Exercise directions: Any picture must be dropped, but each line of the data should be duplicated exactly.

Stored data:
○ ○ ○ ○

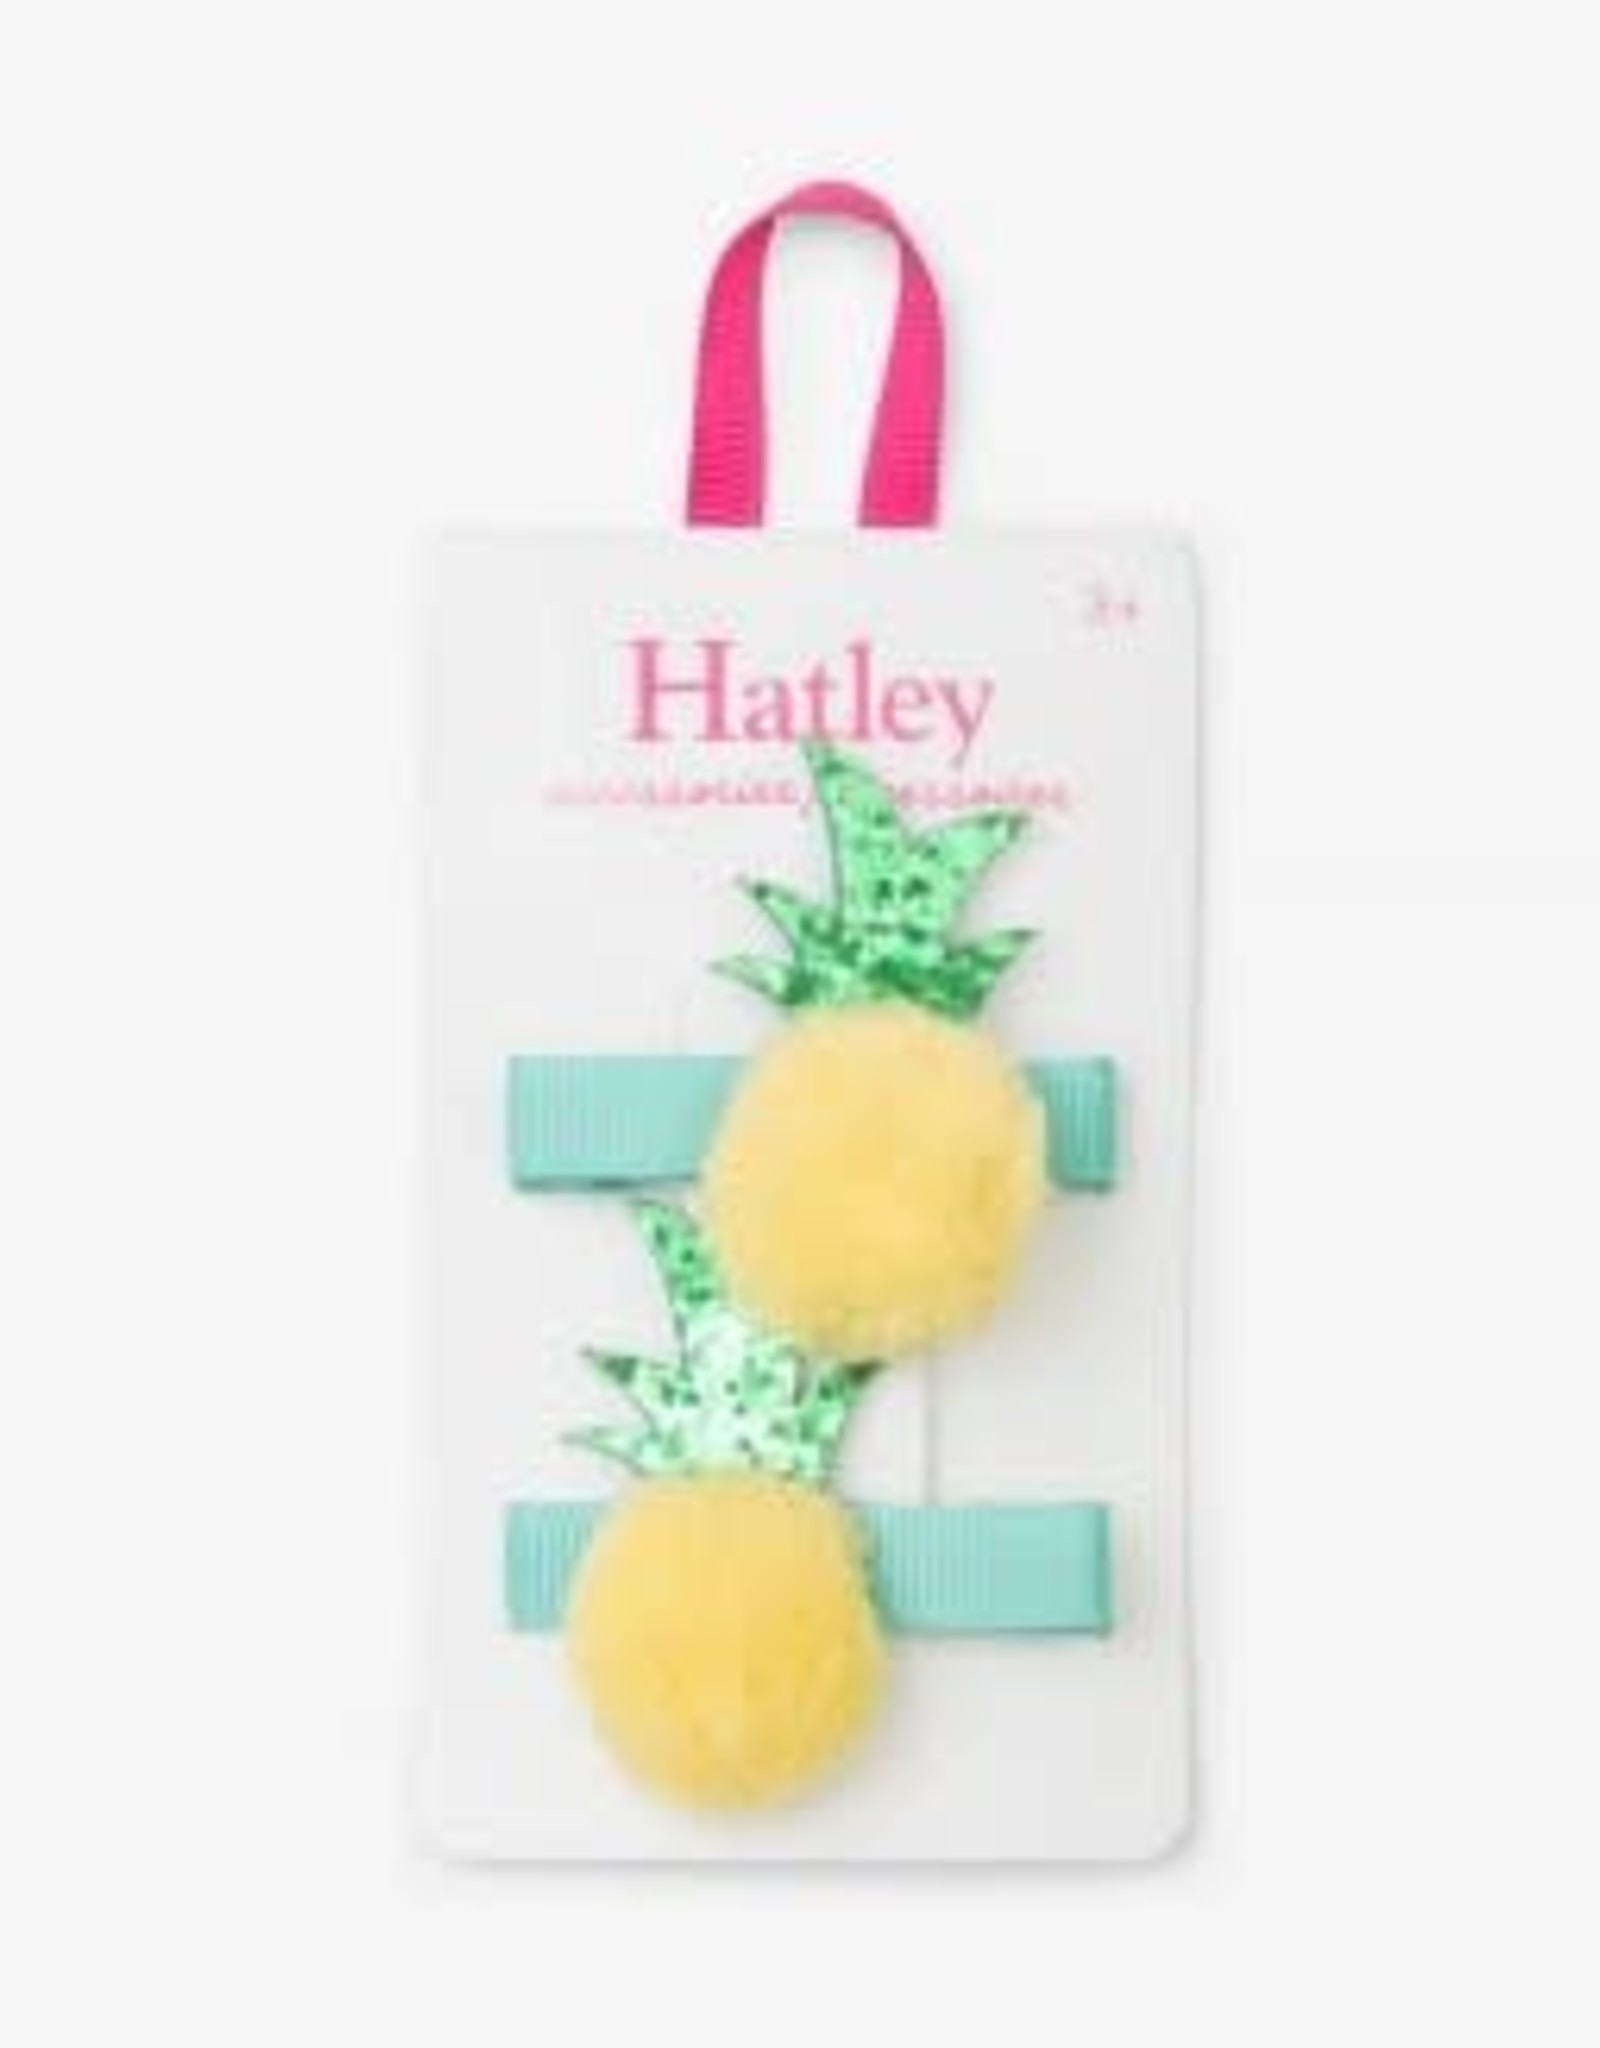 Hatley Pom Pom Pineapples Hair Clips (set of 2)
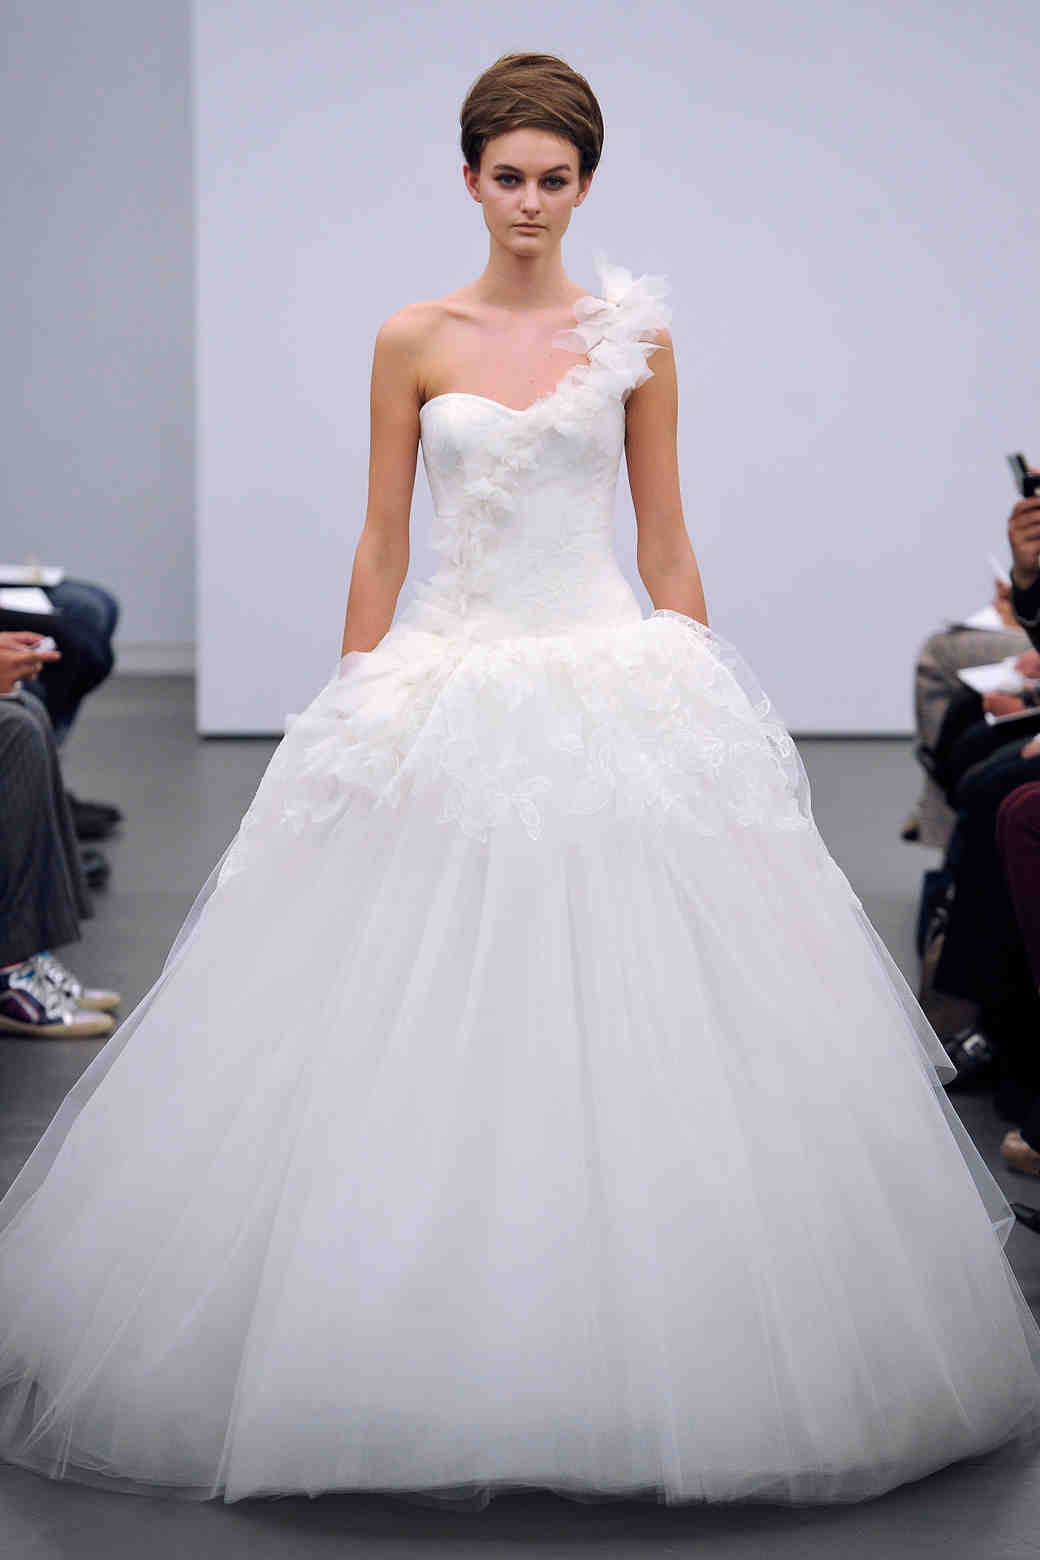 3e4c801e54de One-Shoulder Wedding Dresses, Fall 2013 | Martha Stewart Weddings
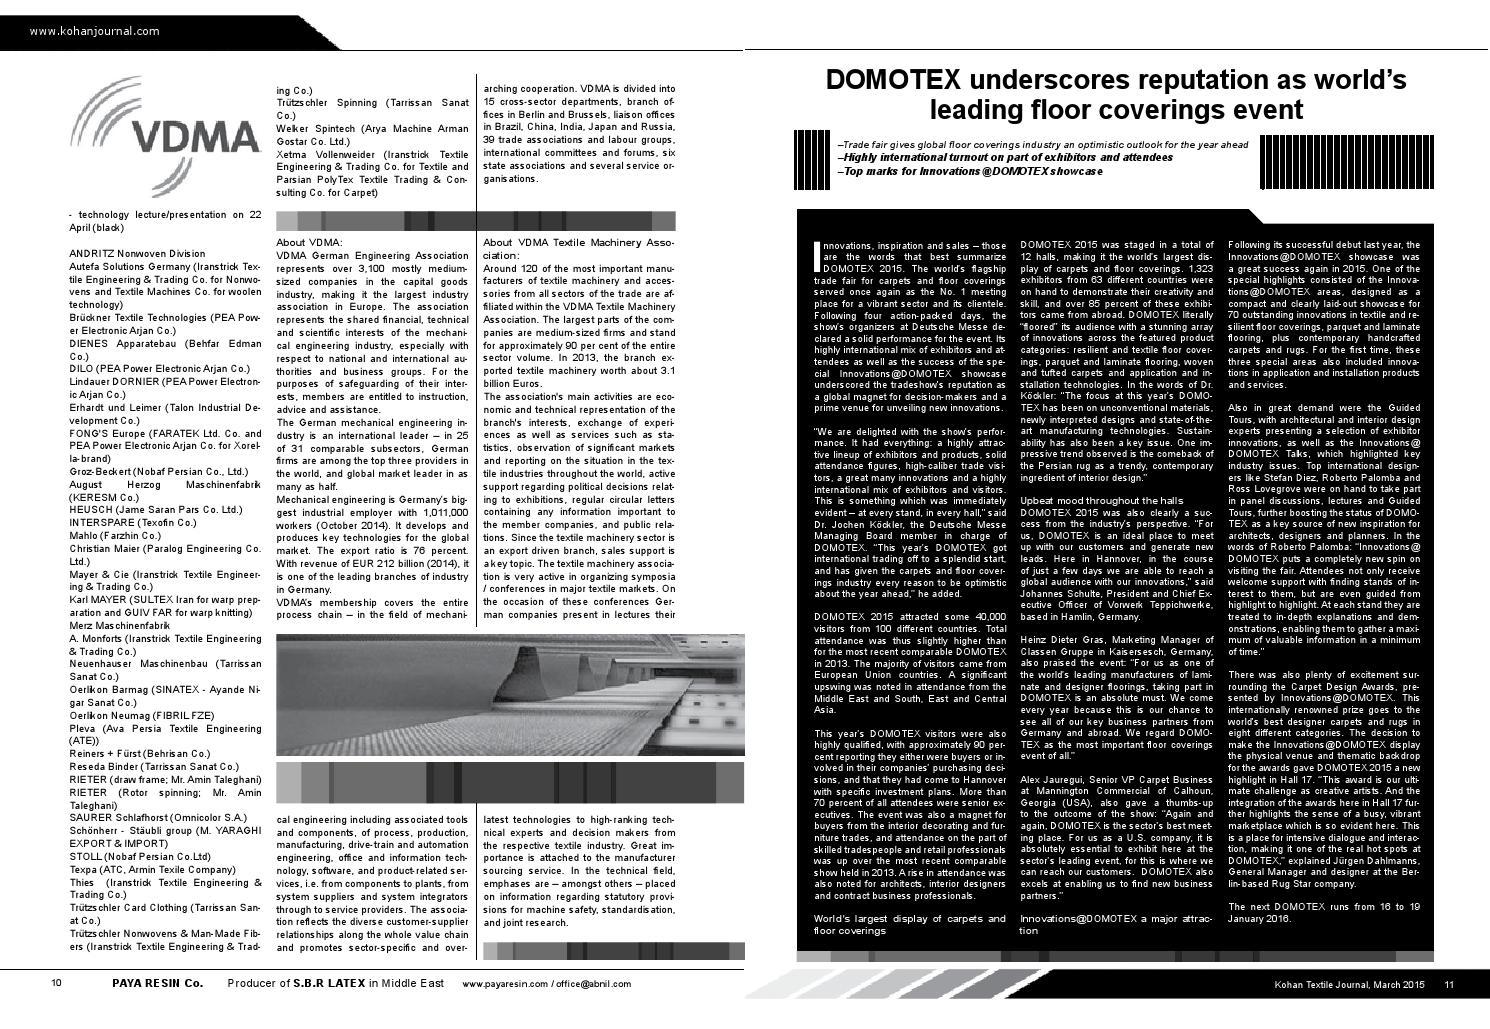 Kohan textile Journal No 28 by Kohan Textile Journal / Middle East

○ ○ ○ ○

Answer for this exercise:
 Hatley Pom Pom Pineapples Hair Clips (set of 2)
 3e4c801e54de One-Shoulder Wedding Dresses, Fall 2013 | Martha Stewart Weddings
 Kohan textile Journal No 28 by Kohan Textile Journal / Middle East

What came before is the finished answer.